= Assignment =
Pictures are to be dropped. Everything else in the listing gets copied exactly.

= Recorded information =

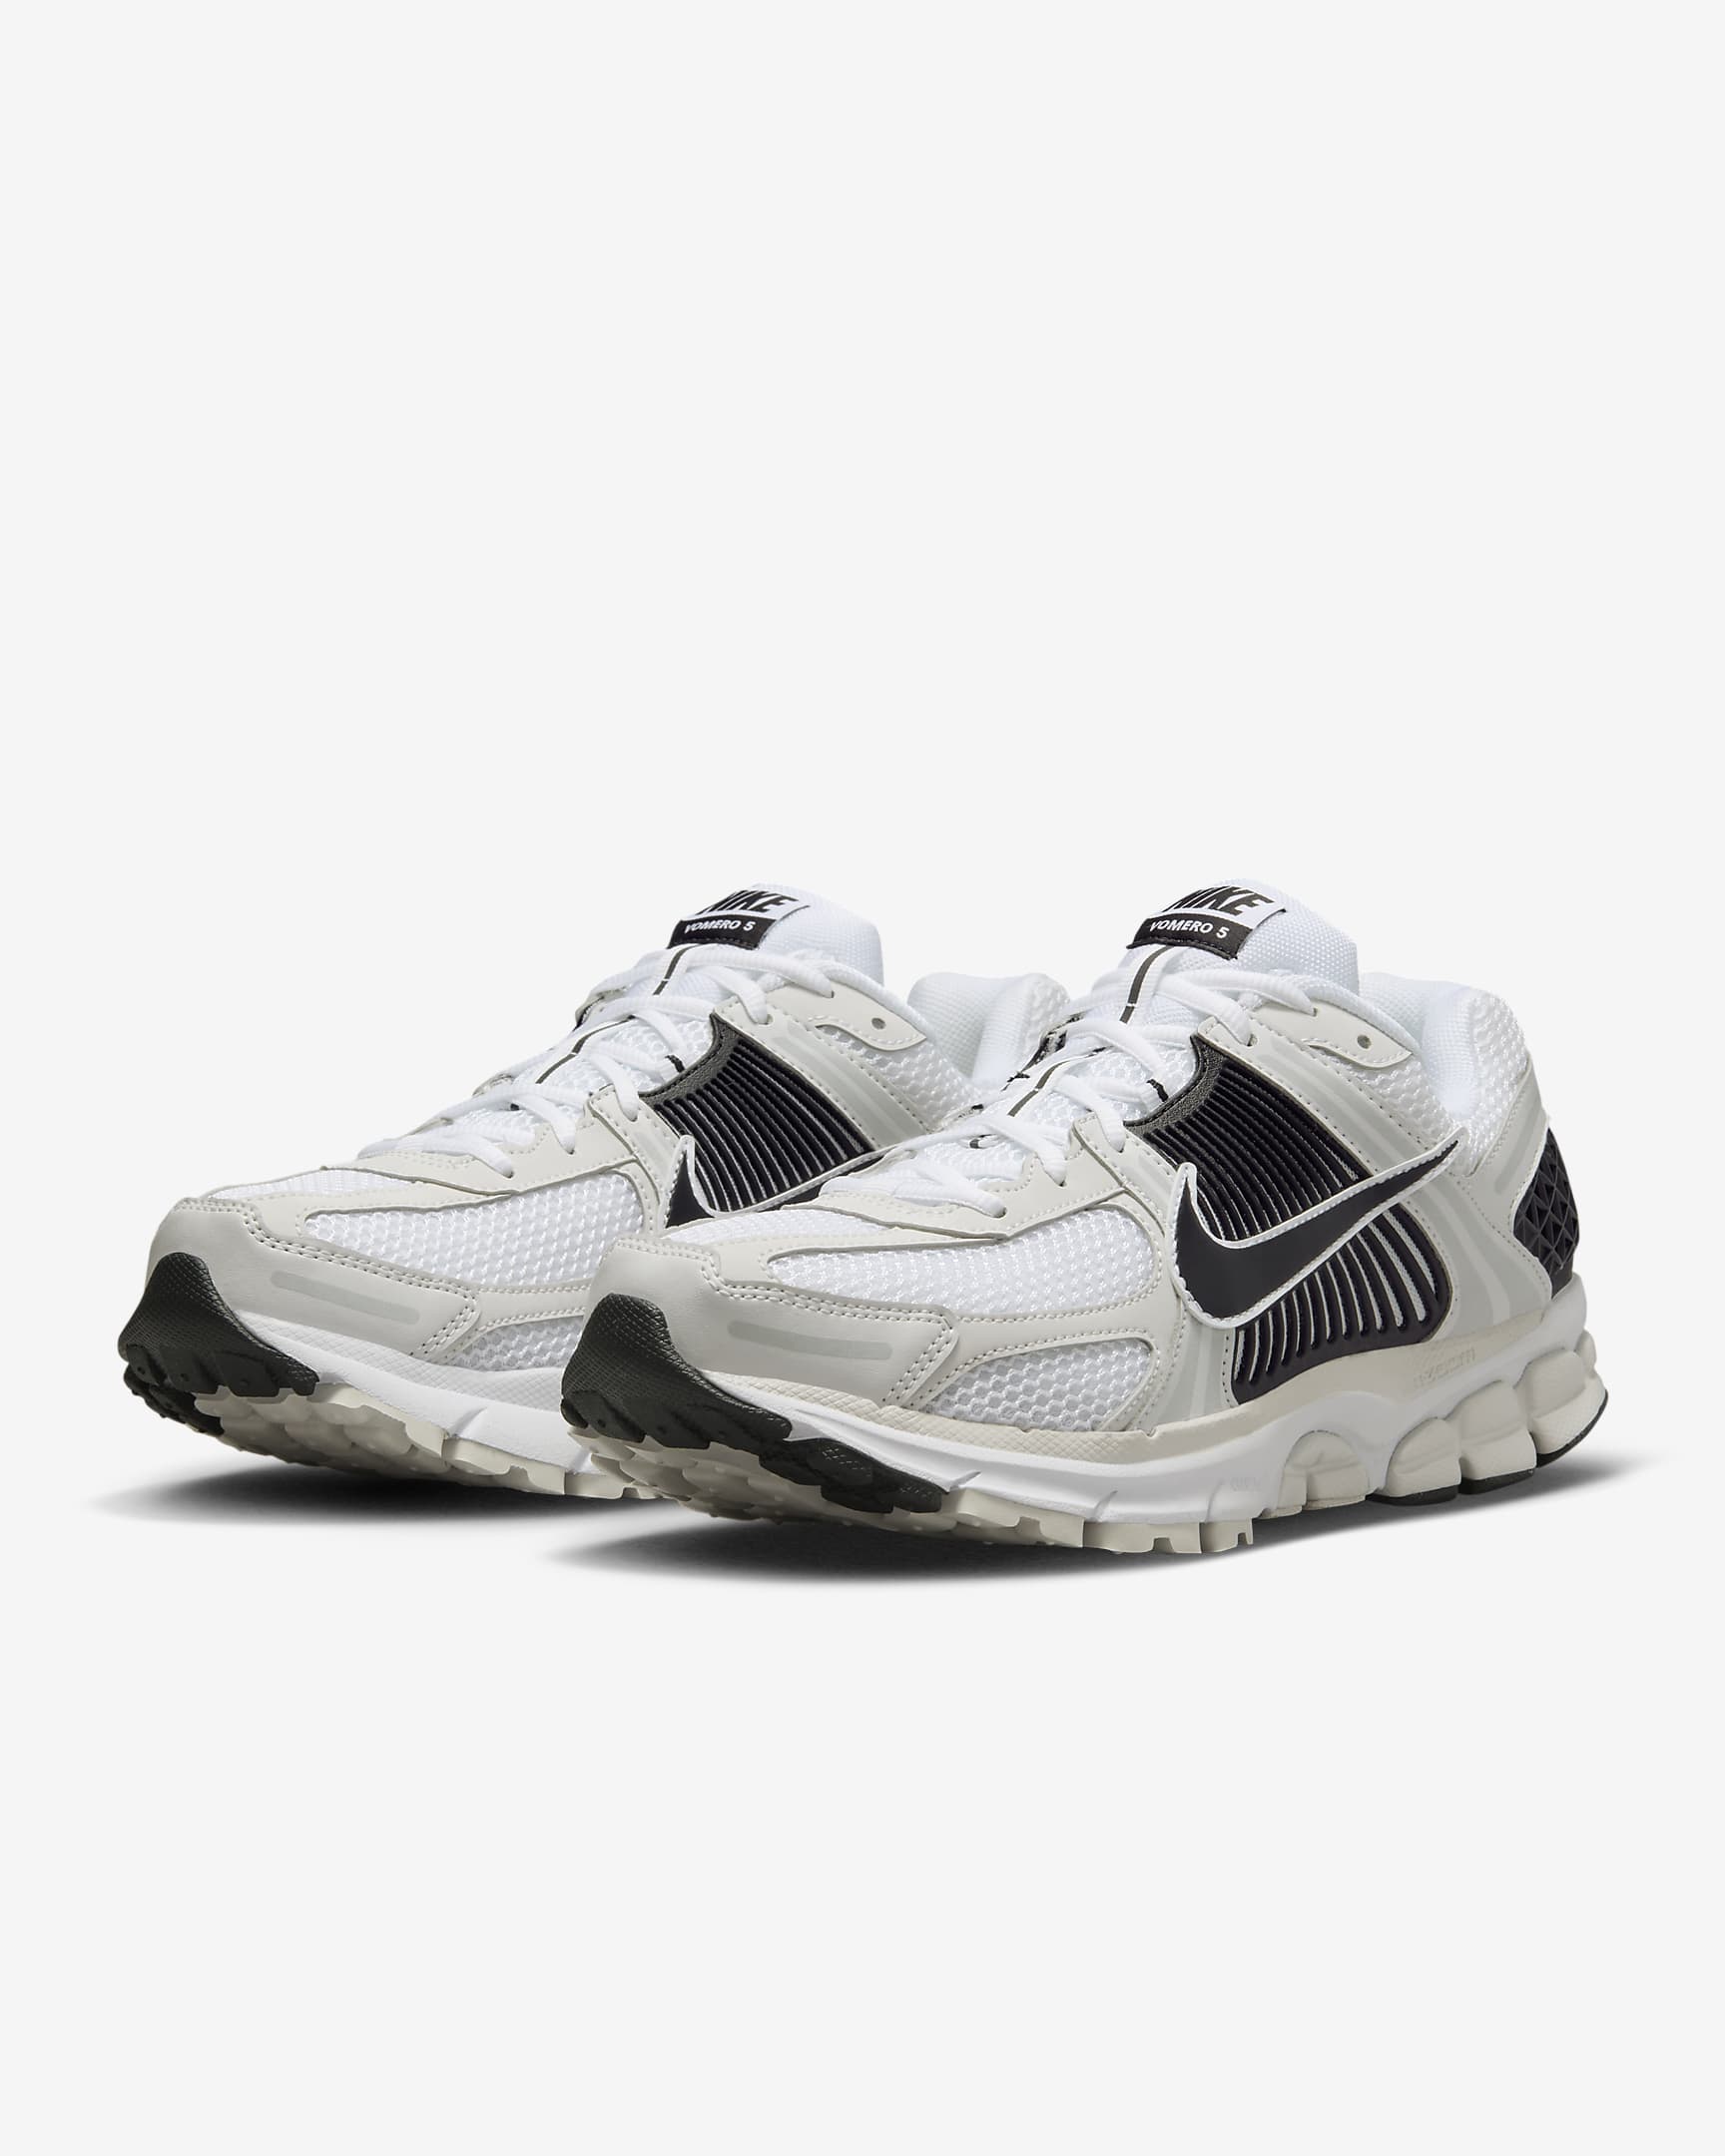 Nike Zoom Vomero 5 Men's Shoes - White/Platinum Tint/Metallic Platinum/Black
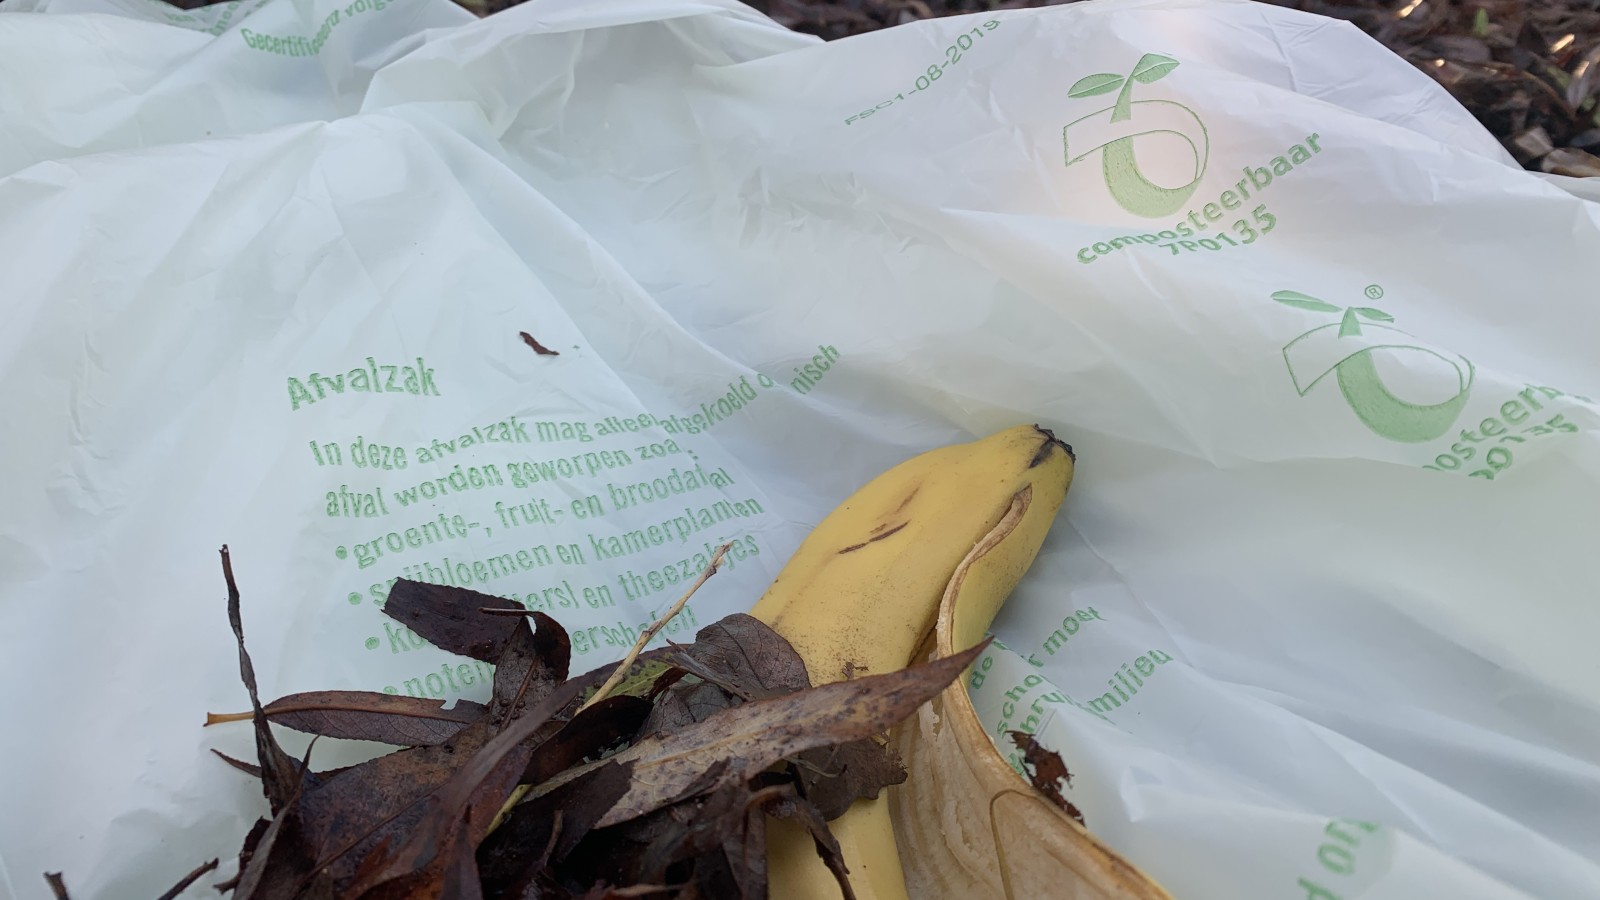 Verzorger Zonnig Rouwen Bio-afbreekbare plastic zakjes vervuilen compost - NH Nieuws
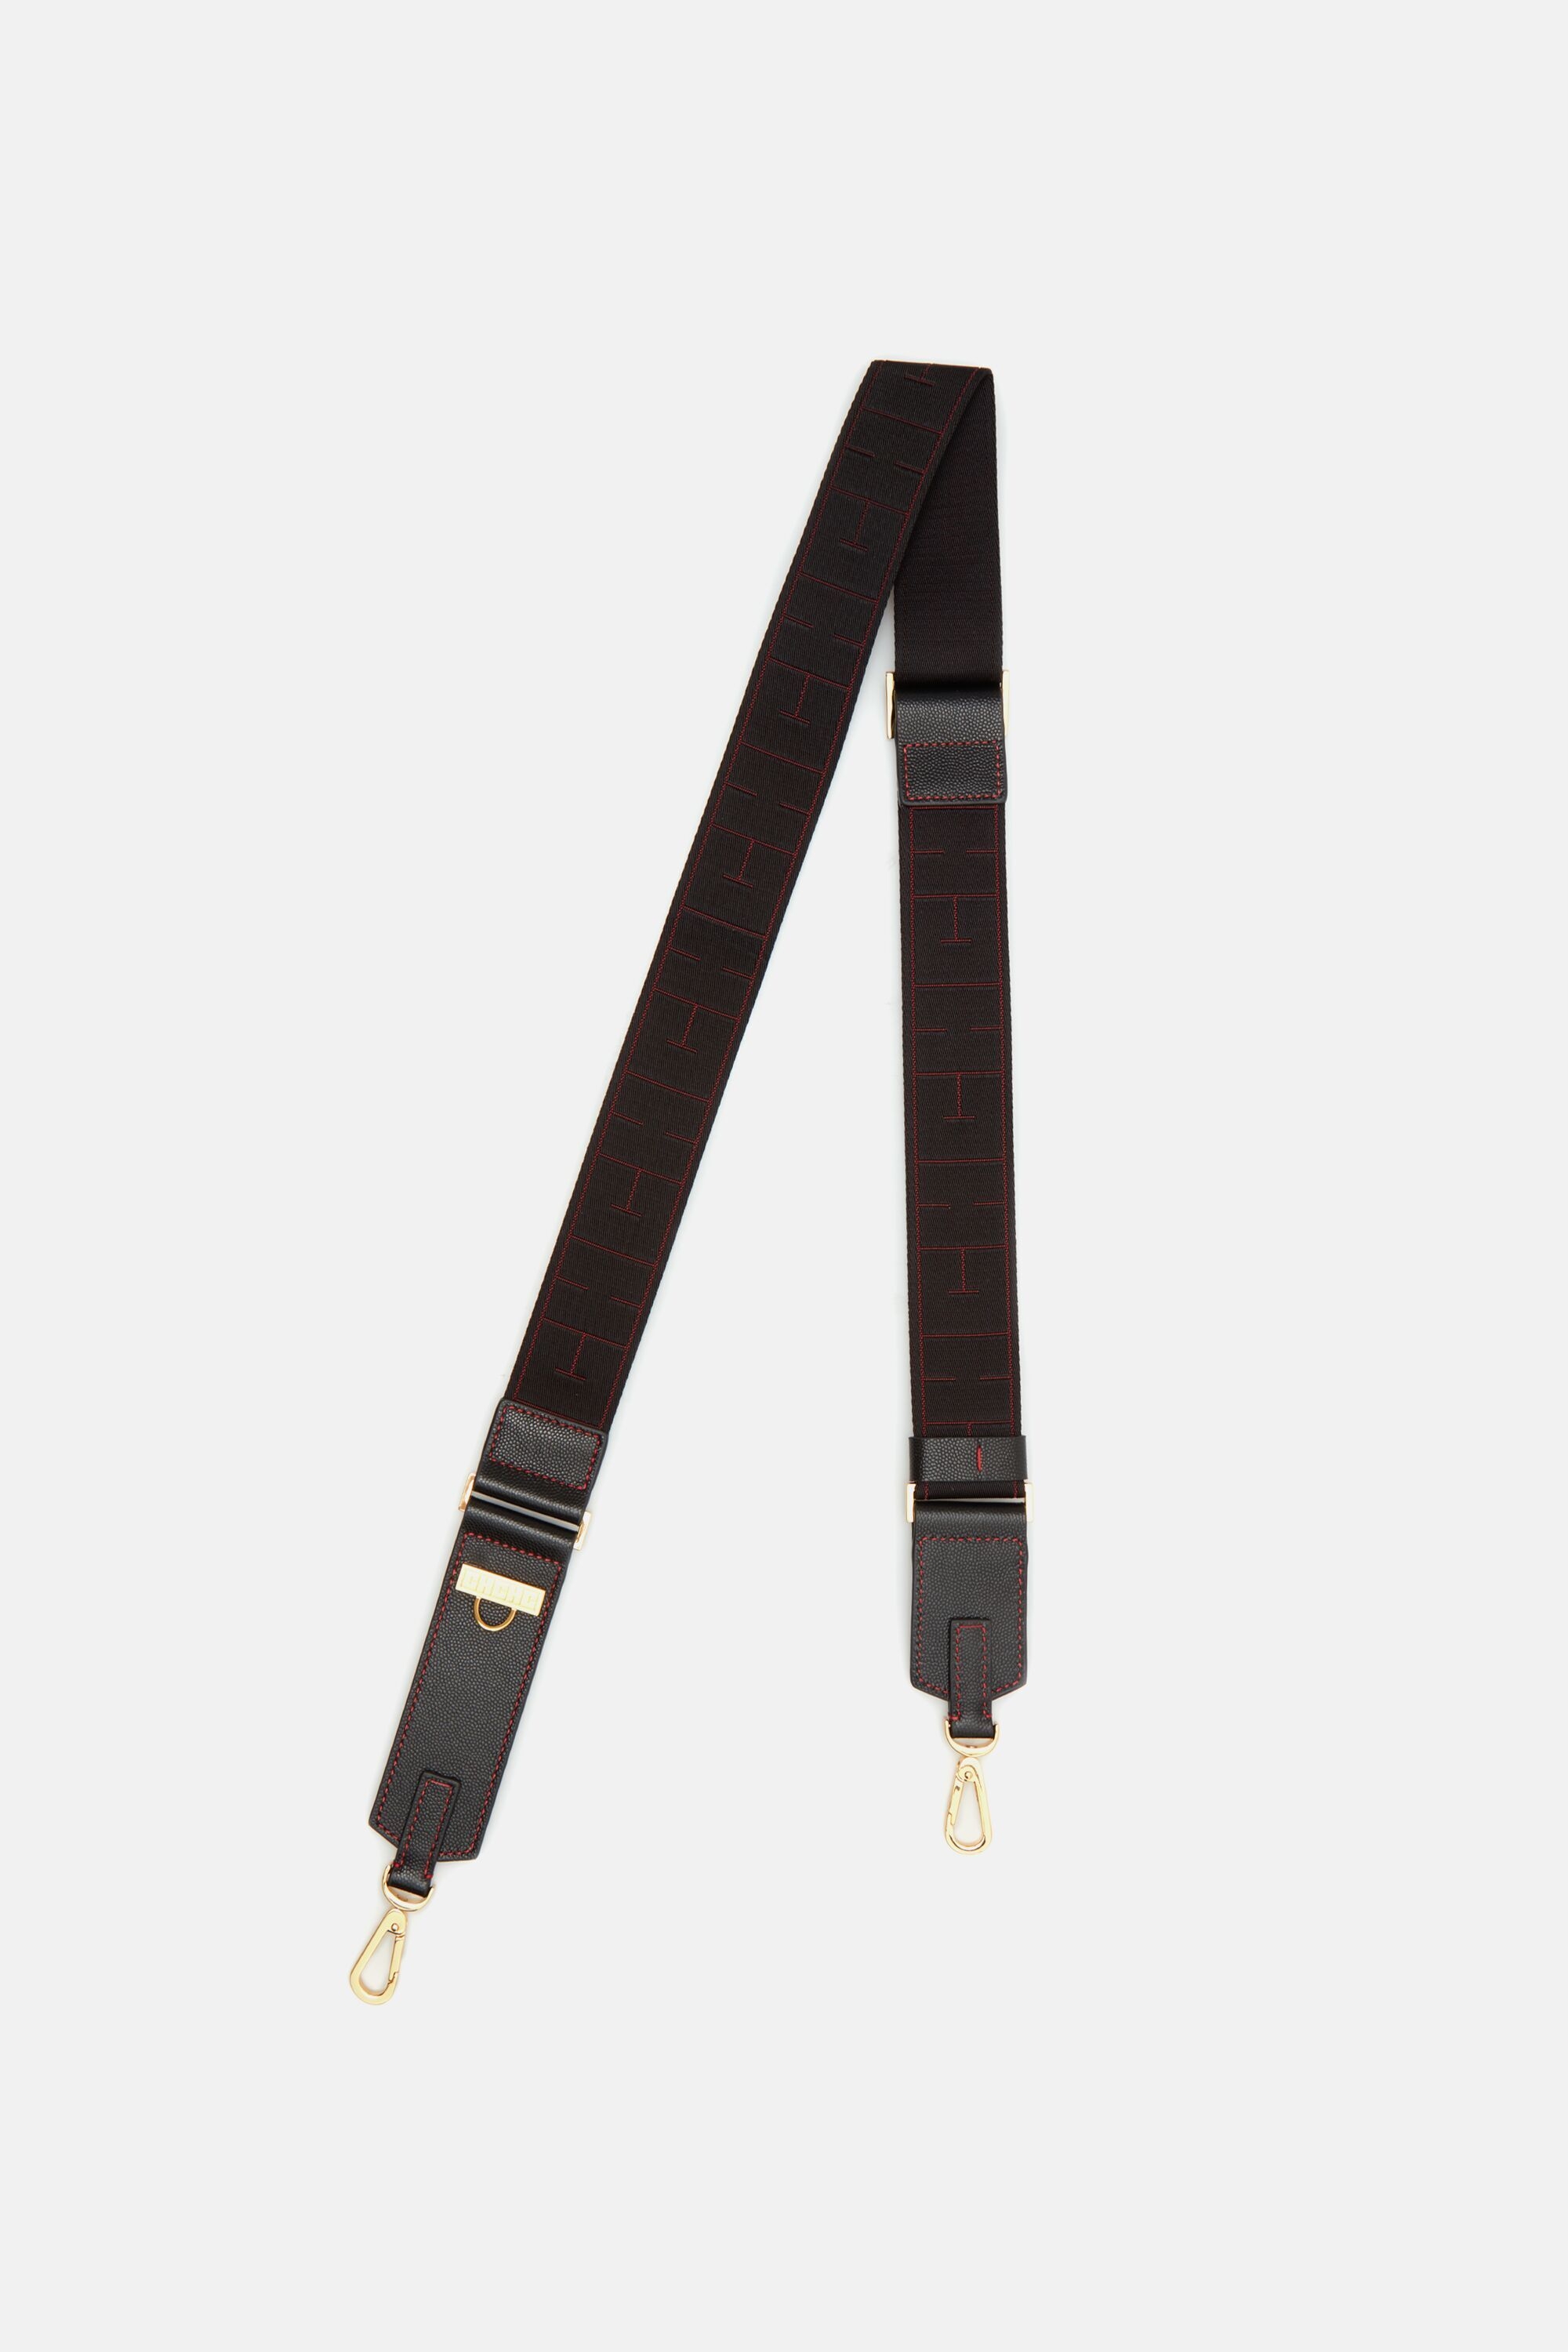 Bimba  Adjustable leather crossbody strap

= Exercise result =
 Nike Zoom Vomero 5 Men's Shoes - White/Platinum Tint/Metallic Platinum/Black
 Verzorger Zonnig Rouwen Bio-afbreekbare plastic zakjes vervuilen compost - NH Nieuws
 Bimba  Adjustable leather crossbody strap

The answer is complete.